## [WHAT IS BEING ASKED]
In the listing below, how many lines include "character"? Give the number and no other text.

:: EXTRACTED MATERIAL ::

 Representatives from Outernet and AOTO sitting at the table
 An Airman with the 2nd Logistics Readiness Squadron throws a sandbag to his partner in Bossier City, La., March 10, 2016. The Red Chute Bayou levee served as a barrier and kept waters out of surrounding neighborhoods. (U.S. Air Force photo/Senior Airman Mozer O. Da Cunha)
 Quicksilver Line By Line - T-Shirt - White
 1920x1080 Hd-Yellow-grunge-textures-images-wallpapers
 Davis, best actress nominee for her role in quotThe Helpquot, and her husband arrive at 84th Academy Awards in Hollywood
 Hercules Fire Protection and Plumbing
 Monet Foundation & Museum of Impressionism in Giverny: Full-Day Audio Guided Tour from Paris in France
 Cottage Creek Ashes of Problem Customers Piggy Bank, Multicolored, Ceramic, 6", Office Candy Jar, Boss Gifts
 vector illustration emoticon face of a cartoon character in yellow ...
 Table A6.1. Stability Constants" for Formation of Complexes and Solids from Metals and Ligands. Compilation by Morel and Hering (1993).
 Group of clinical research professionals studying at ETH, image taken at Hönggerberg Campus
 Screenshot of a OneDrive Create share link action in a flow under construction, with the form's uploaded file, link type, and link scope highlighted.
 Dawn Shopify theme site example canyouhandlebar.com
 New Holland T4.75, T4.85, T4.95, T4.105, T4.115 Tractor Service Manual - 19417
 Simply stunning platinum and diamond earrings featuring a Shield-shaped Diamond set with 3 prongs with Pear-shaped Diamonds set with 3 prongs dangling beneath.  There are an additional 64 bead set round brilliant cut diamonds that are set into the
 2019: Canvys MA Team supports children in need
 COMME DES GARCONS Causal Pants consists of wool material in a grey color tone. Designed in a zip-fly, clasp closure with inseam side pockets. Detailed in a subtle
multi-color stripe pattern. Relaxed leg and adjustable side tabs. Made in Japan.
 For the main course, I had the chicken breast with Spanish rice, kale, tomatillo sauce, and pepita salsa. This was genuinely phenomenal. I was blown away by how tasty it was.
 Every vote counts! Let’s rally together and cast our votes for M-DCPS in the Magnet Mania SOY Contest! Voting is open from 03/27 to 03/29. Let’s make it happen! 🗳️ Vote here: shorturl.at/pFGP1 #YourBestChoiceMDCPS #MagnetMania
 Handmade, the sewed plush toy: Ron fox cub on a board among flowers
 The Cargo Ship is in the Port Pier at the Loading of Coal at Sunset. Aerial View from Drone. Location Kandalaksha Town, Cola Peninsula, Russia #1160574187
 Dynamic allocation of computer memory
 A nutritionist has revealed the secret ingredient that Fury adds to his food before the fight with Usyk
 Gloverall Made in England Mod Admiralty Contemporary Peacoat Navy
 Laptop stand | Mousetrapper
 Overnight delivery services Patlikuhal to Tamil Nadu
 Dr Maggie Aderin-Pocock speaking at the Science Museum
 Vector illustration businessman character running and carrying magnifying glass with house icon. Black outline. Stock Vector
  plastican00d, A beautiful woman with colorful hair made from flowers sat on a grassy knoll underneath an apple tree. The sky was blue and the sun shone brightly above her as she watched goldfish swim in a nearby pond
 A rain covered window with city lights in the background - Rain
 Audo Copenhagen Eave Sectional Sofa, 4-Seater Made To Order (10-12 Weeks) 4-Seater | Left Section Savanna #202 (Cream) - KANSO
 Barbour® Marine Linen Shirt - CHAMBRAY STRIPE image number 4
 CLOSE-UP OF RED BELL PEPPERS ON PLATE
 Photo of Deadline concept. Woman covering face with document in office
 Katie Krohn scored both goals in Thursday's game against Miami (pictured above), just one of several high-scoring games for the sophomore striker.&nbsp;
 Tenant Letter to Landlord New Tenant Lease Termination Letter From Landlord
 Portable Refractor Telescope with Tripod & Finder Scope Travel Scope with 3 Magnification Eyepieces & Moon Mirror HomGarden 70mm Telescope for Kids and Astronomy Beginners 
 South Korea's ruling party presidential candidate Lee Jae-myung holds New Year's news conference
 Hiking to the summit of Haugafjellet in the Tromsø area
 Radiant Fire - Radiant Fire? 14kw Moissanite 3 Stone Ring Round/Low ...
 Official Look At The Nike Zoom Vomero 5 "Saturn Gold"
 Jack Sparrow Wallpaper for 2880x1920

:::

## [EXERCISE OUTPUT]
2